**What is expected**
Give the records again in full, exactly as they are.

-- Material for the task follows --

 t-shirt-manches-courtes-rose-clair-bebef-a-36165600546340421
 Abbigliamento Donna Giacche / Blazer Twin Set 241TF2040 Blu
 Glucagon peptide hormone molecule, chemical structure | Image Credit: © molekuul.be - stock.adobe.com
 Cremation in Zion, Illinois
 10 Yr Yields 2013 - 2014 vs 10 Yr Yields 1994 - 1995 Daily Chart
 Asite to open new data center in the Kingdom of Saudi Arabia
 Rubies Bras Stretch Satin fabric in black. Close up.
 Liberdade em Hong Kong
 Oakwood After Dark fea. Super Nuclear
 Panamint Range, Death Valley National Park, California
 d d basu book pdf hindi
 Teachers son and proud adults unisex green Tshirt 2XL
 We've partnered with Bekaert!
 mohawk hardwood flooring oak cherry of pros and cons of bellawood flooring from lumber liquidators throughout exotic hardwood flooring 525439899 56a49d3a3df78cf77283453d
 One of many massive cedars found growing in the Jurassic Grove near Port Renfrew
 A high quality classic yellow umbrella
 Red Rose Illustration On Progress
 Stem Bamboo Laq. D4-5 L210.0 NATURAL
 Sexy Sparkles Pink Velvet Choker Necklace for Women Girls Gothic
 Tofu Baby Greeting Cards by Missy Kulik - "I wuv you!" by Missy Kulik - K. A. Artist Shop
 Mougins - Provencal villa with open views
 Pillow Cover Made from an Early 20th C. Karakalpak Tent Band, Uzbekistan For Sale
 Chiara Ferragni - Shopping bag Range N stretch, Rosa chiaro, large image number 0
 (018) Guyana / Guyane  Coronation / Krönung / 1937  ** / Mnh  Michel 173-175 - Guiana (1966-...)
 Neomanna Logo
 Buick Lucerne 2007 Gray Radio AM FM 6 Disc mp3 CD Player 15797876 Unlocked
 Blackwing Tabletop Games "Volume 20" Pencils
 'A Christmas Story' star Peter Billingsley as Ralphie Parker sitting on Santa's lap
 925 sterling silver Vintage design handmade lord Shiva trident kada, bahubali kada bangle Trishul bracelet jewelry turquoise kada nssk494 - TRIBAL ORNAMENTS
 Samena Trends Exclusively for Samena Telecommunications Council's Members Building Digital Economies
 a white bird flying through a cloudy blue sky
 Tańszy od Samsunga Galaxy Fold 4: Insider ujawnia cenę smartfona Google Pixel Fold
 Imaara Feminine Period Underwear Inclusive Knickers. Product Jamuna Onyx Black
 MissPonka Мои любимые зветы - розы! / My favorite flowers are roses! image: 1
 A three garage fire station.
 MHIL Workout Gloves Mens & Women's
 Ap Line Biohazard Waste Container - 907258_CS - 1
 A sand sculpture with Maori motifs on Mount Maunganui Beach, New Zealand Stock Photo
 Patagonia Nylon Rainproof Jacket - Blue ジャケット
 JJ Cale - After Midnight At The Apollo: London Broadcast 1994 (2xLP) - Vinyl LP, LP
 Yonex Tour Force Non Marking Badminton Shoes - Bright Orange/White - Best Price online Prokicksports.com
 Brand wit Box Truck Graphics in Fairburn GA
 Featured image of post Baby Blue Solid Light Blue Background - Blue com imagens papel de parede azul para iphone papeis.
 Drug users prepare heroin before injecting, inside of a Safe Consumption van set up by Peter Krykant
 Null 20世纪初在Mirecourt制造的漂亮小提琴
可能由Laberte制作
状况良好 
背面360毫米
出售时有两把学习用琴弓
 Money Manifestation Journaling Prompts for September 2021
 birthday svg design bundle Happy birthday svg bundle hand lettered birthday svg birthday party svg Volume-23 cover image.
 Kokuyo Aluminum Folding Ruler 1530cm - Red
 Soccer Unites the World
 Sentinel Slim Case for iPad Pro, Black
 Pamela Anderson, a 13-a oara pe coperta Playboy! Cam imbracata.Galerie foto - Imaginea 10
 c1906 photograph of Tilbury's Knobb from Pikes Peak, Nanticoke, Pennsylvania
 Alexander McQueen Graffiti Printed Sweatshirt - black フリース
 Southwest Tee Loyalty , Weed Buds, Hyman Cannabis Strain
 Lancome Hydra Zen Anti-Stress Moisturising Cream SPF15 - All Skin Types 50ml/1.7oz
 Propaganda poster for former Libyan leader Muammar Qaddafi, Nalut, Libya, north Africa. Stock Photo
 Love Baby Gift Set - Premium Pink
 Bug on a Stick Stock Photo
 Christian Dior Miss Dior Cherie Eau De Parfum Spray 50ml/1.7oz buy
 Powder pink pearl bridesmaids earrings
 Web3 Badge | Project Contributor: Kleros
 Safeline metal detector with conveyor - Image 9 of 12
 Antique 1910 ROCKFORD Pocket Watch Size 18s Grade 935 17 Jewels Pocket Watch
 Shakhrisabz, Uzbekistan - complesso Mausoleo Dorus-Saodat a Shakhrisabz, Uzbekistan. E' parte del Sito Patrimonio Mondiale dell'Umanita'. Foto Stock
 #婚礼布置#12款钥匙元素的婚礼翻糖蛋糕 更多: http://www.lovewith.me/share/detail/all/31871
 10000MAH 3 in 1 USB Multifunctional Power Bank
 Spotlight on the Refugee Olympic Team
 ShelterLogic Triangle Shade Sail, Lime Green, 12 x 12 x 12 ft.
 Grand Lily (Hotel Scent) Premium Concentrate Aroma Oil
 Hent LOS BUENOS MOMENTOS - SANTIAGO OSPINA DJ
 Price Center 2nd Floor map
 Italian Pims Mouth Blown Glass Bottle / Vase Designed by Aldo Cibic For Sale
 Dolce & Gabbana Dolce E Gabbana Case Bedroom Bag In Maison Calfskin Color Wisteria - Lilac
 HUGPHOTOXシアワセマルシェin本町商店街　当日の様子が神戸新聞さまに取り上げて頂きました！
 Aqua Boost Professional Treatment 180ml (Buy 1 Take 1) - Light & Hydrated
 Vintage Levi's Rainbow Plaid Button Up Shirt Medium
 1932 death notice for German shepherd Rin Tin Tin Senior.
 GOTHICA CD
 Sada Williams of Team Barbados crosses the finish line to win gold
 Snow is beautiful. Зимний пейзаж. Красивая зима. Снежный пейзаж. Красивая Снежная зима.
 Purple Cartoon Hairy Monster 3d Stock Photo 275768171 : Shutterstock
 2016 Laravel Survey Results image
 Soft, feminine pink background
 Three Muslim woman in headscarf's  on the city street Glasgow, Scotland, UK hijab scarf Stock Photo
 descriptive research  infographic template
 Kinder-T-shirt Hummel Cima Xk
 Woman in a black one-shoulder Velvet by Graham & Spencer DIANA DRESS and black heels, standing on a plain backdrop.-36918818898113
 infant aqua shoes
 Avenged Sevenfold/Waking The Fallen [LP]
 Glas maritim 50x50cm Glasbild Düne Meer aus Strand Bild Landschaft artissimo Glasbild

-- Material for the task concluded --

**Solution to the problem**
 t-shirt-manches-courtes-rose-clair-bebef-a-36165600546340421
 Abbigliamento Donna Giacche / Blazer Twin Set 241TF2040 Blu
 Glucagon peptide hormone molecule, chemical structure | Image Credit: © molekuul.be - stock.adobe.com
 Cremation in Zion, Illinois
 10 Yr Yields 2013 - 2014 vs 10 Yr Yields 1994 - 1995 Daily Chart
 Asite to open new data center in the Kingdom of Saudi Arabia
 Rubies Bras Stretch Satin fabric in black. Close up.
 Liberdade em Hong Kong
 Oakwood After Dark fea. Super Nuclear
 Panamint Range, Death Valley National Park, California
 d d basu book pdf hindi
 Teachers son and proud adults unisex green Tshirt 2XL
 We've partnered with Bekaert!
 mohawk hardwood flooring oak cherry of pros and cons of bellawood flooring from lumber liquidators throughout exotic hardwood flooring 525439899 56a49d3a3df78cf77283453d
 One of many massive cedars found growing in the Jurassic Grove near Port Renfrew
 A high quality classic yellow umbrella
 Red Rose Illustration On Progress
 Stem Bamboo Laq. D4-5 L210.0 NATURAL
 Sexy Sparkles Pink Velvet Choker Necklace for Women Girls Gothic
 Tofu Baby Greeting Cards by Missy Kulik - "I wuv you!" by Missy Kulik - K. A. Artist Shop
 Mougins - Provencal villa with open views
 Pillow Cover Made from an Early 20th C. Karakalpak Tent Band, Uzbekistan For Sale
 Chiara Ferragni - Shopping bag Range N stretch, Rosa chiaro, large image number 0
 (018) Guyana / Guyane  Coronation / Krönung / 1937  ** / Mnh  Michel 173-175 - Guiana (1966-...)
 Neomanna Logo
 Buick Lucerne 2007 Gray Radio AM FM 6 Disc mp3 CD Player 15797876 Unlocked
 Blackwing Tabletop Games "Volume 20" Pencils
 'A Christmas Story' star Peter Billingsley as Ralphie Parker sitting on Santa's lap
 925 sterling silver Vintage design handmade lord Shiva trident kada, bahubali kada bangle Trishul bracelet jewelry turquoise kada nssk494 - TRIBAL ORNAMENTS
 Samena Trends Exclusively for Samena Telecommunications Council's Members Building Digital Economies
 a white bird flying through a cloudy blue sky
 Tańszy od Samsunga Galaxy Fold 4: Insider ujawnia cenę smartfona Google Pixel Fold
 Imaara Feminine Period Underwear Inclusive Knickers. Product Jamuna Onyx Black
 MissPonka Мои любимые зветы - розы! / My favorite flowers are roses! image: 1
 A three garage fire station.
 MHIL Workout Gloves Mens & Women's
 Ap Line Biohazard Waste Container - 907258_CS - 1
 A sand sculpture with Maori motifs on Mount Maunganui Beach, New Zealand Stock Photo
 Patagonia Nylon Rainproof Jacket - Blue ジャケット
 JJ Cale - After Midnight At The Apollo: London Broadcast 1994 (2xLP) - Vinyl LP, LP
 Yonex Tour Force Non Marking Badminton Shoes - Bright Orange/White - Best Price online Prokicksports.com
 Brand wit Box Truck Graphics in Fairburn GA
 Featured image of post Baby Blue Solid Light Blue Background - Blue com imagens papel de parede azul para iphone papeis.
 Drug users prepare heroin before injecting, inside of a Safe Consumption van set up by Peter Krykant
 Null 20世纪初在Mirecourt制造的漂亮小提琴
可能由Laberte制作
状况良好 
背面360毫米
出售时有两把学习用琴弓
 Money Manifestation Journaling Prompts for September 2021
 birthday svg design bundle Happy birthday svg bundle hand lettered birthday svg birthday party svg Volume-23 cover image.
 Kokuyo Aluminum Folding Ruler 1530cm - Red
 Soccer Unites the World
 Sentinel Slim Case for iPad Pro, Black
 Pamela Anderson, a 13-a oara pe coperta Playboy! Cam imbracata.Galerie foto - Imaginea 10
 c1906 photograph of Tilbury's Knobb from Pikes Peak, Nanticoke, Pennsylvania
 Alexander McQueen Graffiti Printed Sweatshirt - black フリース
 Southwest Tee Loyalty , Weed Buds, Hyman Cannabis Strain
 Lancome Hydra Zen Anti-Stress Moisturising Cream SPF15 - All Skin Types 50ml/1.7oz
 Propaganda poster for former Libyan leader Muammar Qaddafi, Nalut, Libya, north Africa. Stock Photo
 Love Baby Gift Set - Premium Pink
 Bug on a Stick Stock Photo
 Christian Dior Miss Dior Cherie Eau De Parfum Spray 50ml/1.7oz buy
 Powder pink pearl bridesmaids earrings
 Web3 Badge | Project Contributor: Kleros
 Safeline metal detector with conveyor - Image 9 of 12
 Antique 1910 ROCKFORD Pocket Watch Size 18s Grade 935 17 Jewels Pocket Watch
 Shakhrisabz, Uzbekistan - complesso Mausoleo Dorus-Saodat a Shakhrisabz, Uzbekistan. E' parte del Sito Patrimonio Mondiale dell'Umanita'. Foto Stock
 #婚礼布置#12款钥匙元素的婚礼翻糖蛋糕 更多: http://www.lovewith.me/share/detail/all/31871
 10000MAH 3 in 1 USB Multifunctional Power Bank
 Spotlight on the Refugee Olympic Team
 ShelterLogic Triangle Shade Sail, Lime Green, 12 x 12 x 12 ft.
 Grand Lily (Hotel Scent) Premium Concentrate Aroma Oil
 Hent LOS BUENOS MOMENTOS - SANTIAGO OSPINA DJ
 Price Center 2nd Floor map
 Italian Pims Mouth Blown Glass Bottle / Vase Designed by Aldo Cibic For Sale
 Dolce & Gabbana Dolce E Gabbana Case Bedroom Bag In Maison Calfskin Color Wisteria - Lilac
 HUGPHOTOXシアワセマルシェin本町商店街　当日の様子が神戸新聞さまに取り上げて頂きました！
 Aqua Boost Professional Treatment 180ml (Buy 1 Take 1) - Light & Hydrated
 Vintage Levi's Rainbow Plaid Button Up Shirt Medium
 1932 death notice for German shepherd Rin Tin Tin Senior.
 GOTHICA CD
 Sada Williams of Team Barbados crosses the finish line to win gold
 Snow is beautiful. Зимний пейзаж. Красивая зима. Снежный пейзаж. Красивая Снежная зима.
 Purple Cartoon Hairy Monster 3d Stock Photo 275768171 : Shutterstock
 2016 Laravel Survey Results image
 Soft, feminine pink background
 Three Muslim woman in headscarf's  on the city street Glasgow, Scotland, UK hijab scarf Stock Photo
 descriptive research  infographic template
 Kinder-T-shirt Hummel Cima Xk
 Woman in a black one-shoulder Velvet by Graham & Spencer DIANA DRESS and black heels, standing on a plain backdrop.-36918818898113
 infant aqua shoes
 Avenged Sevenfold/Waking The Fallen [LP]
 Glas maritim 50x50cm Glasbild Düne Meer aus Strand Bild Landschaft artissimo Glasbild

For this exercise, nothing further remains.